In the fourth thematic cluster addressing privacy-aware technologies and social implications of biometric systems two additional papers are included. The first paper, by Climent-Perez and Florez-Revuelta, presents an RGB-only based visual privacy preservation filter, which capitalises on ‘deep learning’-based segmentation and pose detectors. A background update scheme is presented, which limits leakage of sensitive information when detection fails. Dilation of the mask can further prevent information leakage, but a trade-off is necessary to correctly update background information. This is achieved via a specific study which is also presented. A comparative study is performed to determine the best configuration for privacy preservation. The second paper, by Binder et al., presents an overview of social implications as researched within the European project PERSONA. The author contributions include the procedures needed for the assessment of their social, ethical, privacy and regulatory acceptance, particularly in view of the impact on both, the passengers crossing international territory and the border control authorities responsible for protecting the national borders. The paper presents a formal assessment of biometric technologies for real-world acceptance to cope with the increasing demand of global travellers crossing state borders.

The special issue closes with three selected papers within the broad thematic cluster of criminal investigation for crimes against property, person and critical infrastructures. In the first paper, Perez et al. introduce the research outcome from European research project MAGNETO. The paper summarises the modular approach adopted for the processing of information gathered from different information sources, and the extraction of knowledge to assist criminal investigation.
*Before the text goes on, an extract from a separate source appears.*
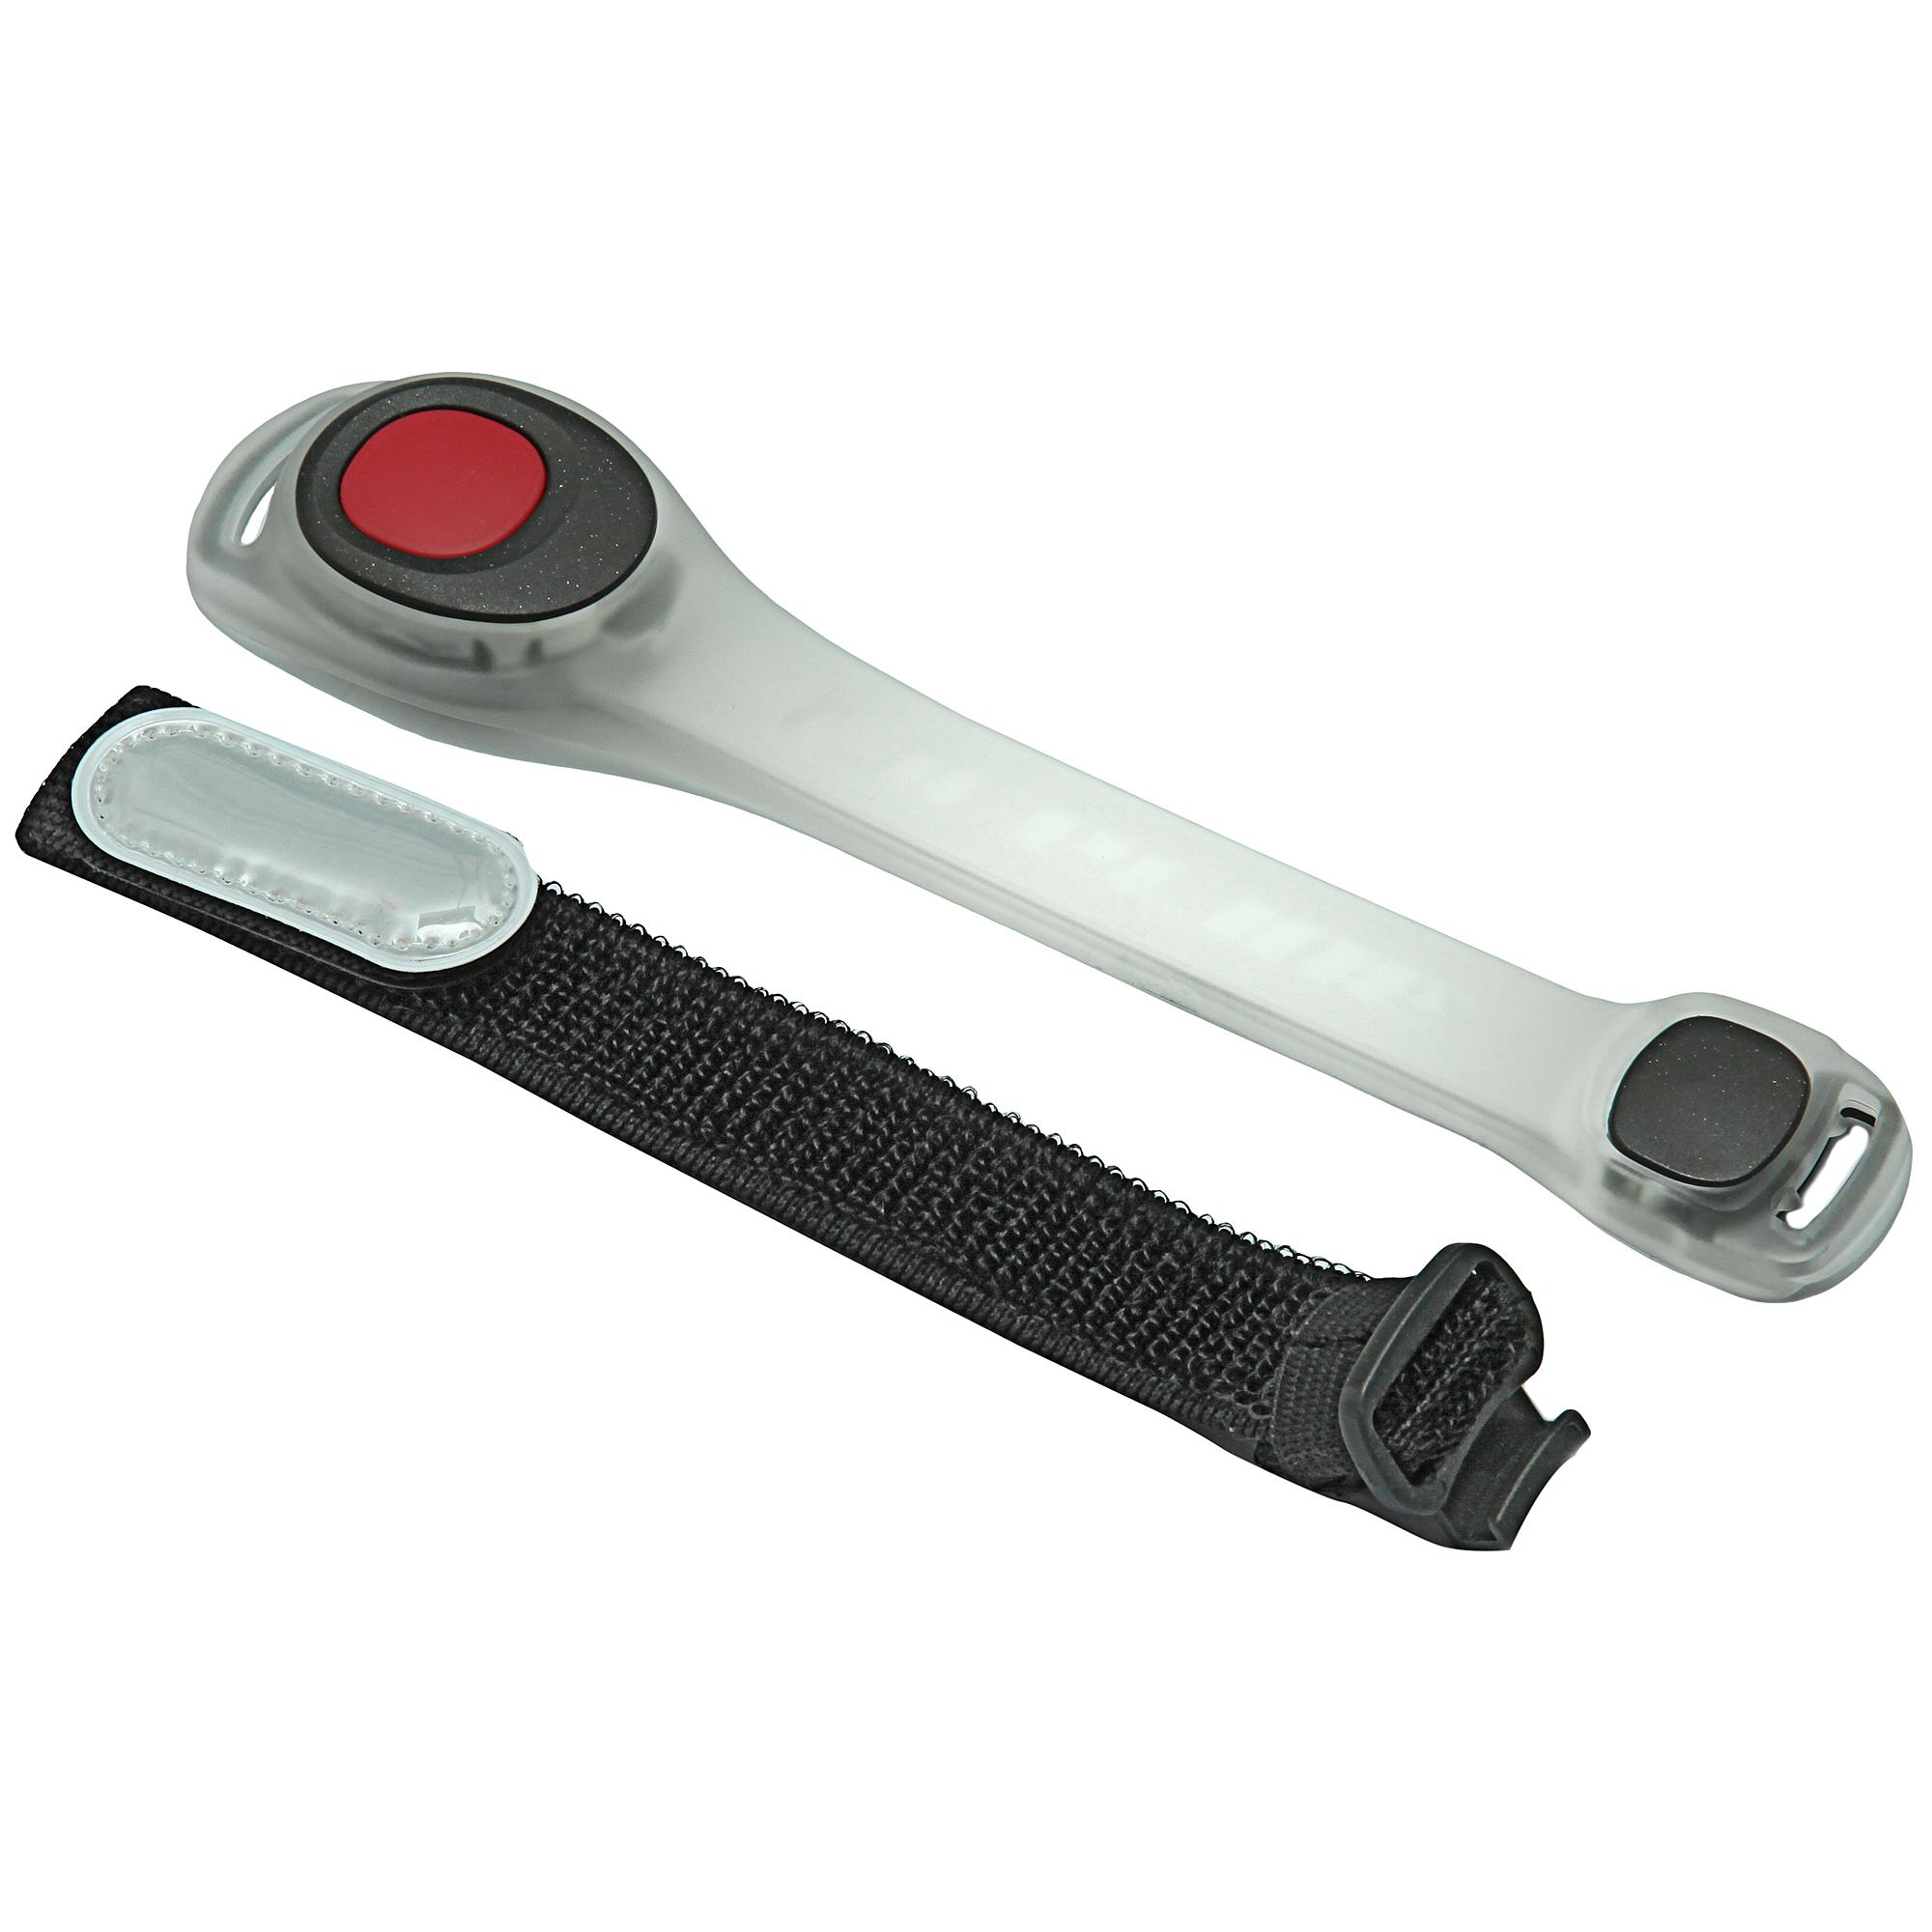 Lifeline Arm Band Safety Light - Red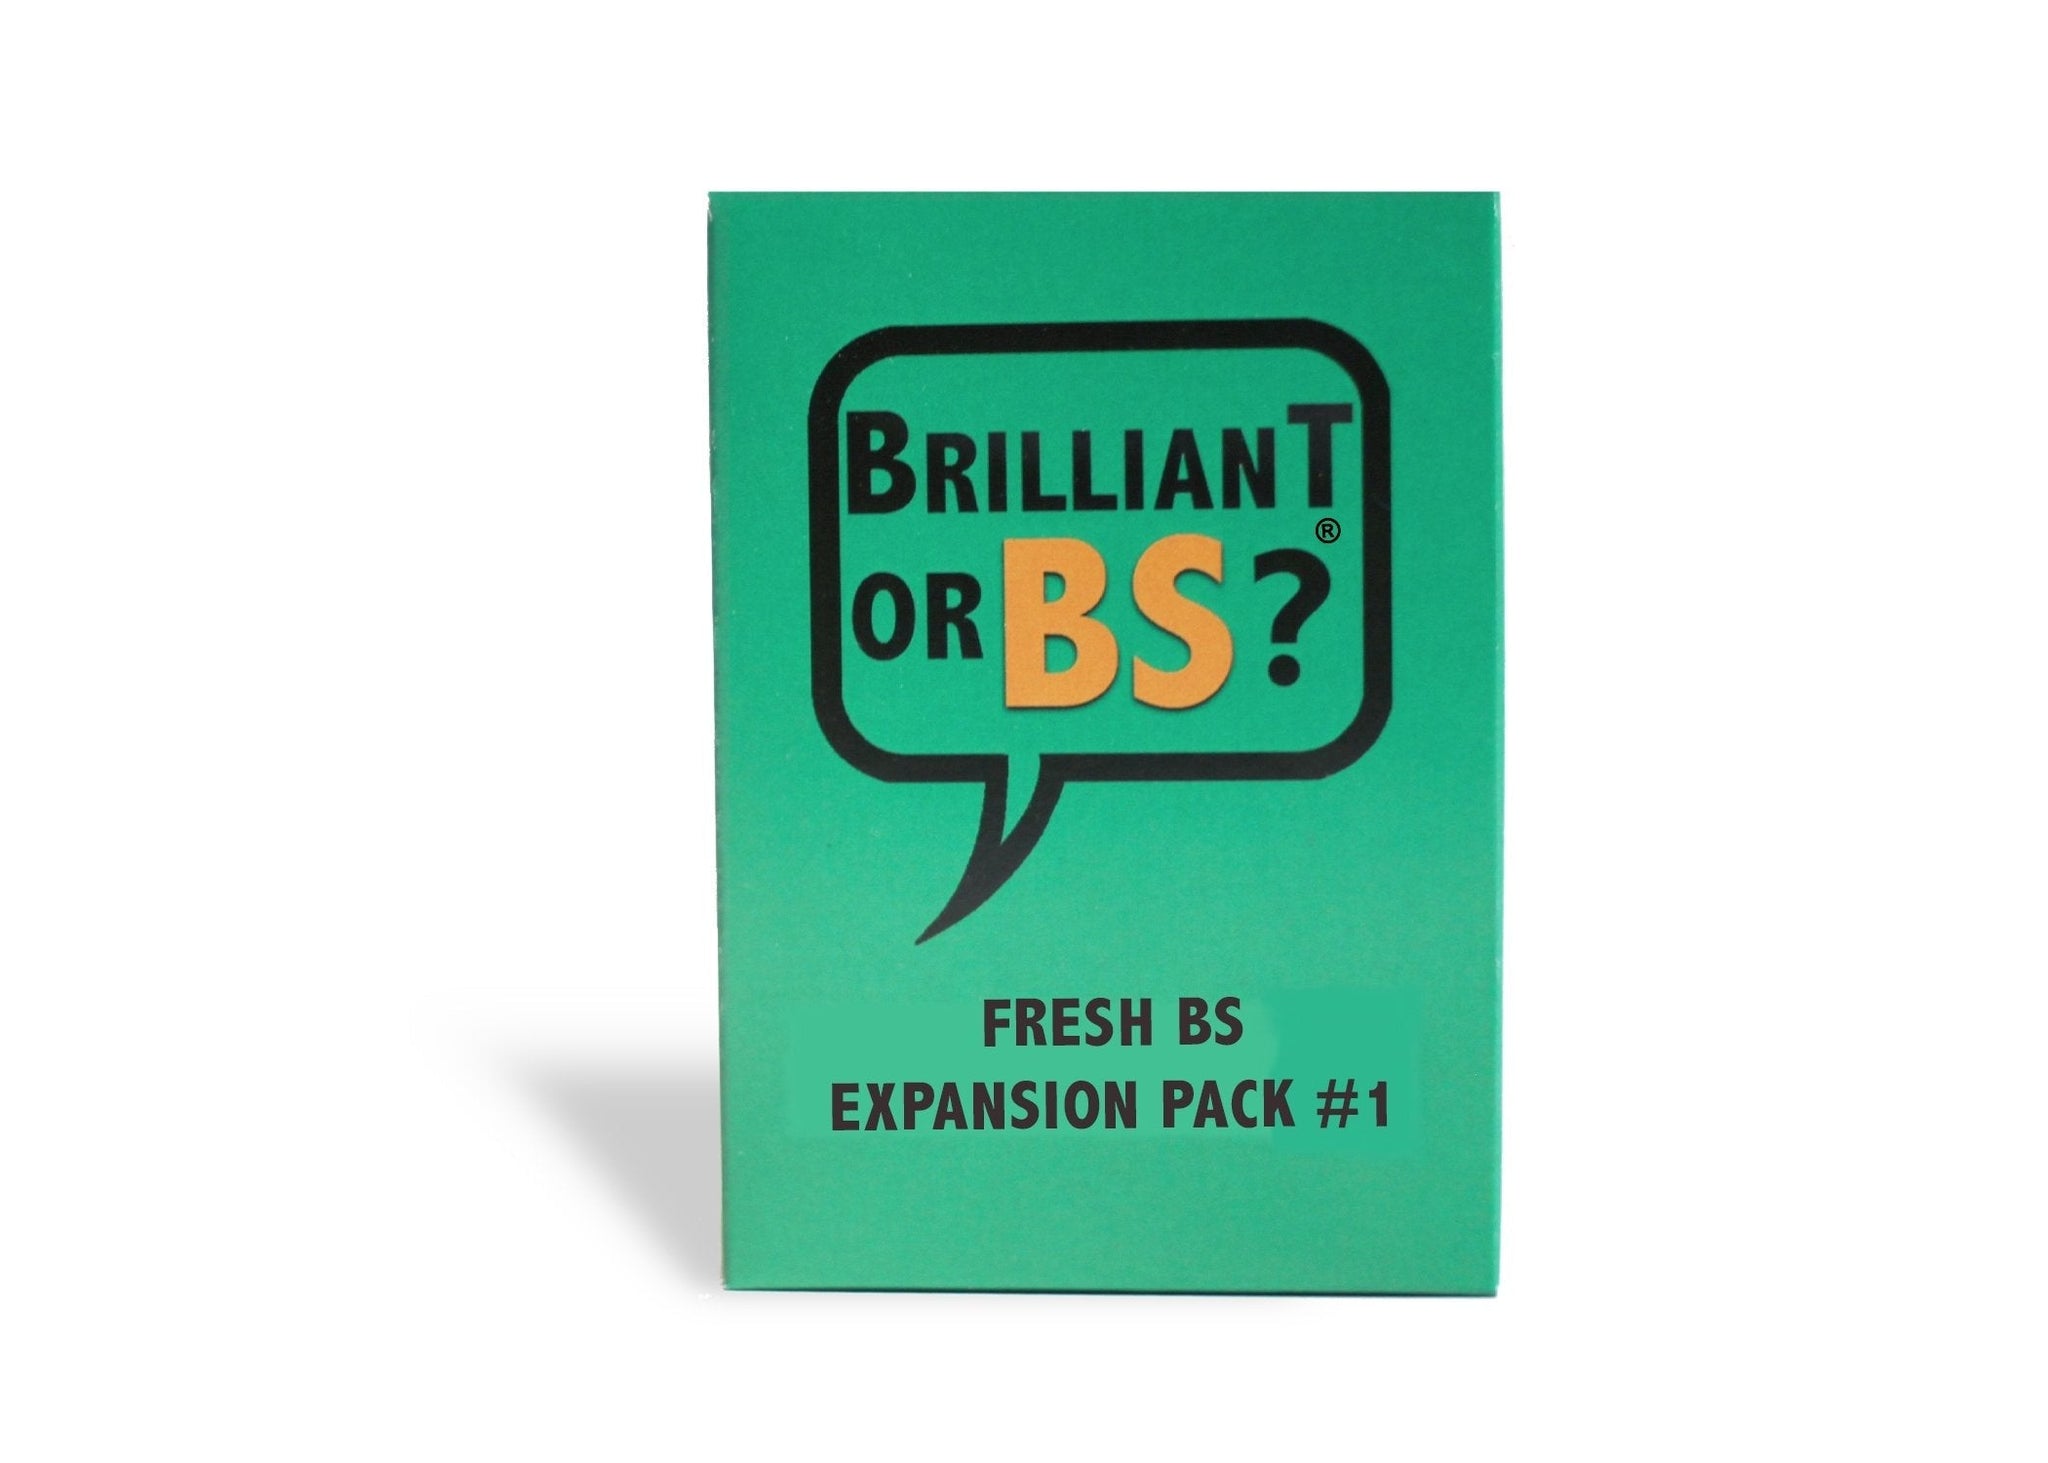 WHOLESALE - Brilliant or BS? Fresh BS Expansion Pack #1 - Brilliant or BS?

The proposed platform provides novel technologies and efficient components for processing multimedia information in a scalable and distributed way, allowing Law Enforcement Agencies to make the analysis and a multidimensional visualization of criminal information in a single and secure point. In the second paper, Gomez-Silva et al. present a Deep Multi-Shot neural model for measuring the Degree of Appearance Similarity (MS-DoAS) between person observations. This model provides temporal consistency to the individuals’ appearance representation and provides an affinity metric to perform frame-by-frame data association, allowing online tracking. The model has been deliberately trained to be able to manage the presence of previous identity switches and missed observations in the handled tracks. With that purpose, a novel data generation tool has been designed to create training tracklets that simulate such situations. The contribution aides the criminal investigation in identifying suspects fleeing the scene of crime in large crowded environments. The last paper, by Zhang and Kusrini, proposes the design and validation of a situation awareness component which is interfaced with the hardware component for controlling the focal length of the camera to protect critical infrastructures against UAV attacks. The continuous stream of media data obtained from the region of vulnerability is processed using the deep learning based object detector. The real-time computational efficiency has been validated during the pilot trials carried out within the European research project framework DEFENDER.

This Special Issue has assembled papers originating from well-known internationally reputed research institutions. The contributing authors were instrumental in the completion of the special issue and we would like to thank all of them. The anonymous referees also played a crucial role in the review and selection process ensuring the special issue includes only the submissions of the highest technical quality. Finally, we would like to thank the MTAP editorial team, especially, the Editor in Chief, Prof. B. Furht, for their help and very efficient handling of this special issue.